What triggered you to put your performance at the service of the protection of the planet?

It was during my first adventure in Australia. It was not focused on the environment but mainly on the encounters. When I say meeting, it has a double meaning: meeting others, aborigines (their way of life, etc.) but also meeting Rémi. I needed to know who I was, to be alone in the middle of nowhere to take stock of myself.

And then there was another interest of this adventure it was to speak about Lowe's syndrome, a genetic disease that affects boys, we have a hundred cases of little boy affected in France and I am the sponsor of the association since 2019. 

It is during the crossing that I became aware of water, not pollution but in its entirety. We know that the human being is composed of 60-70% of water, that all beings on earth, fauna, flora, animals, ... need water. Water is the basis of life.
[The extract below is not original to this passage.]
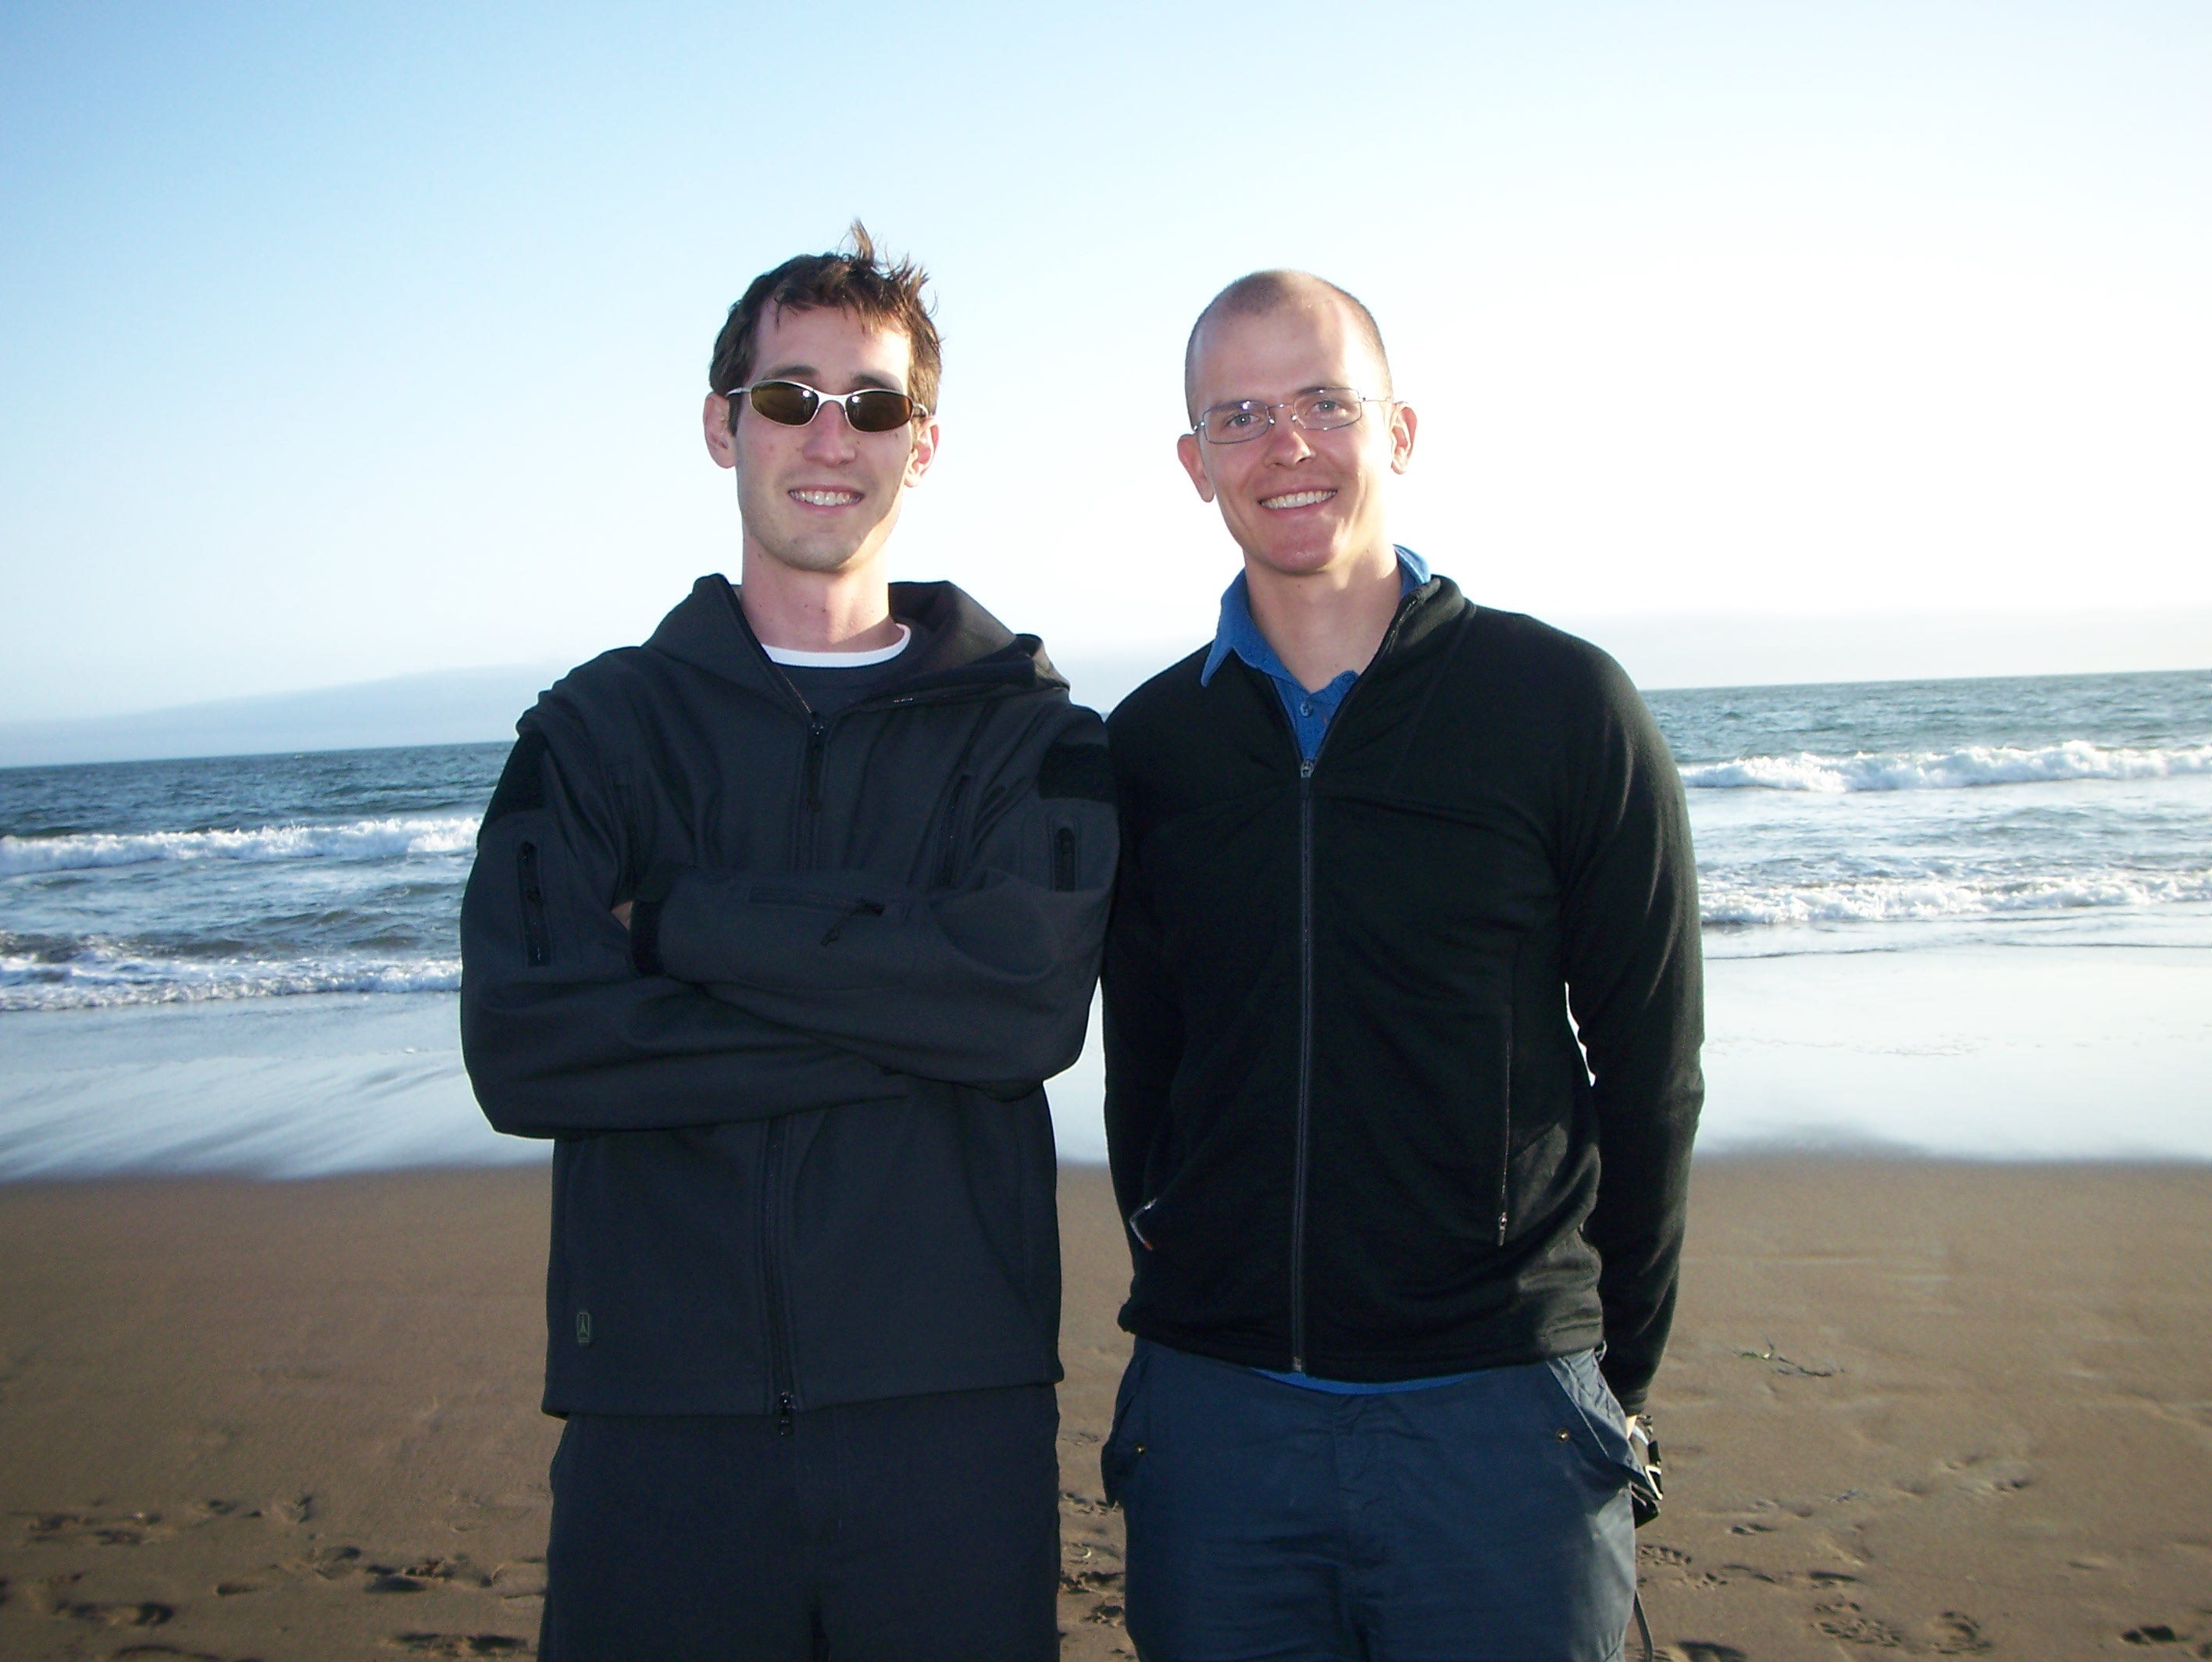 Me and DK at Stinson Beach

I realized that after 4 days without drinking it became more than vital and we don't care about anything around us, the only thing we want is to drink. That's what made me think about the environment. And I wanted to understand more about water once I had finished Australia. So I went down the Mekong River and that's when I became aware of all the environmental problems linked to waste, because the Mekong River is a real garbage can, because people don't have the same means as we do and we end up with a lot of garbage in the river... To end up in the seas and oceans. That's how it really started

You are in contact with nature on a daily basis, how does it impact your vision of life?
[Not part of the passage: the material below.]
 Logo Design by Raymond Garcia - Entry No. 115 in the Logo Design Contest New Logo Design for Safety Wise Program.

Every day I go out to do my workouts. Whether it's sports at the gym, in my freezer, or swimming in the river, ... I need to get out, to get out. If I don't have these outdoor sports sessions, if I can't get out, walk around, get some fresh air, it's not right. 

I also need to do my survival courses to share, to meet people, to pass on what I have learned during these years. But I also need to go to this nature to clear my head. 
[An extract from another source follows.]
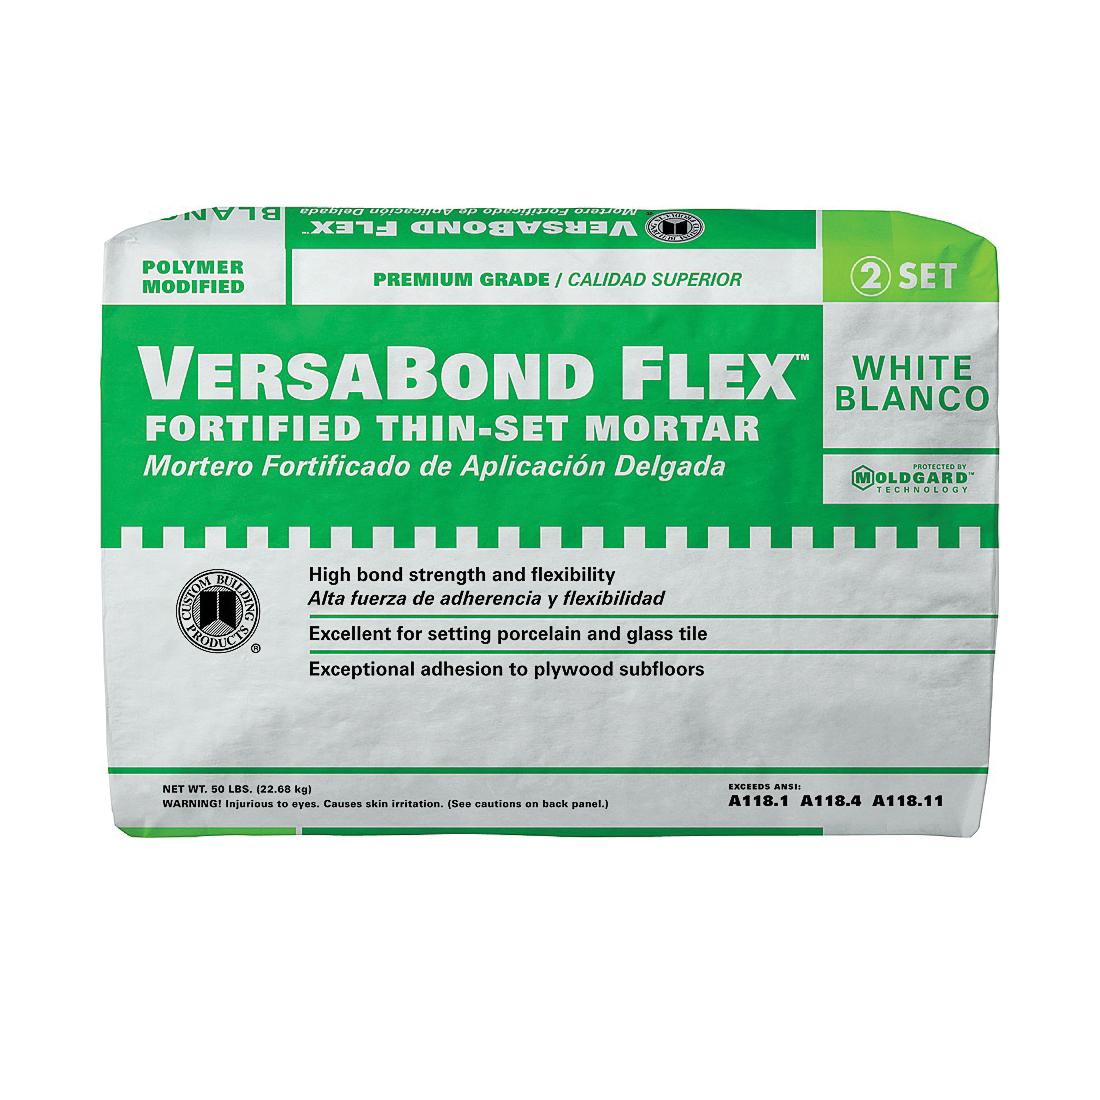 Picture of CUSTOM VersaBond Flex VBFW50 Thin-Set Mortar, White, Powder, 50 lb Package, Bag

I love these weekends of cohesion and sharing with all the trainees because we are in the forest, we are well. Because it feels good. 

I think that more people are needed, I don't encourage people to come to my place to do survival courses (hahahah) but I encourage people to go in the nature and to cut their cell phone. To go for a walk along rivers, in forests, in the mountains while being safe of course to really clear their head. It is extremely important especially in our current way of life where we always ask you more and more, or we overwork you. We have a big problem at the moment which is burnout, an important stress linked to work.

I'm lucky enough to have a job that I love, that I love, that's cool and there are a lot of people who have a job that doesn't suit them and that they don't like. So I think that to cut from time to time, to go in the nature, to recharge their batteries, it would be good for them, really.

Is your desire to share still intact?

Unchanged or still the same? In any case, I always take as much pleasure to go and meet children in schools, to talk about my vision of the world (on an environmental and ecological point of view through adventures) or on the notion of surpassing oneself, to go out of one's comfort zone, to trust oneself, etc.

It is always a real pleasure to do it. I always have this flame inside me because I have other projects behind me. If I had stayed at one adventure, in 2000, I would still be talking about the same thing in 2023, I think the flame would be extinguished because you would have the impression of repeating and it is not interesting anymore.

We need all these challenges, to get out of our comfort zone, to try new projects because that's what drives us, otherwise we find ourselves at 40 years old, putting our resignation on our boss's desk, ending our relationship with our wife or husband and we decide to take a trip and drop everything. I think it's the routine that kills us.

You just have to find the right balance between the routine which is deadly as well as the extreme. I think there is a middle ground that can be perfect by living challenging, intense, borderline safe things for some, for me it's not because safety is very important since I'm a dad but you can find the in-between so that it's just as exciting to be able to spend the rest of your life on this good old earth.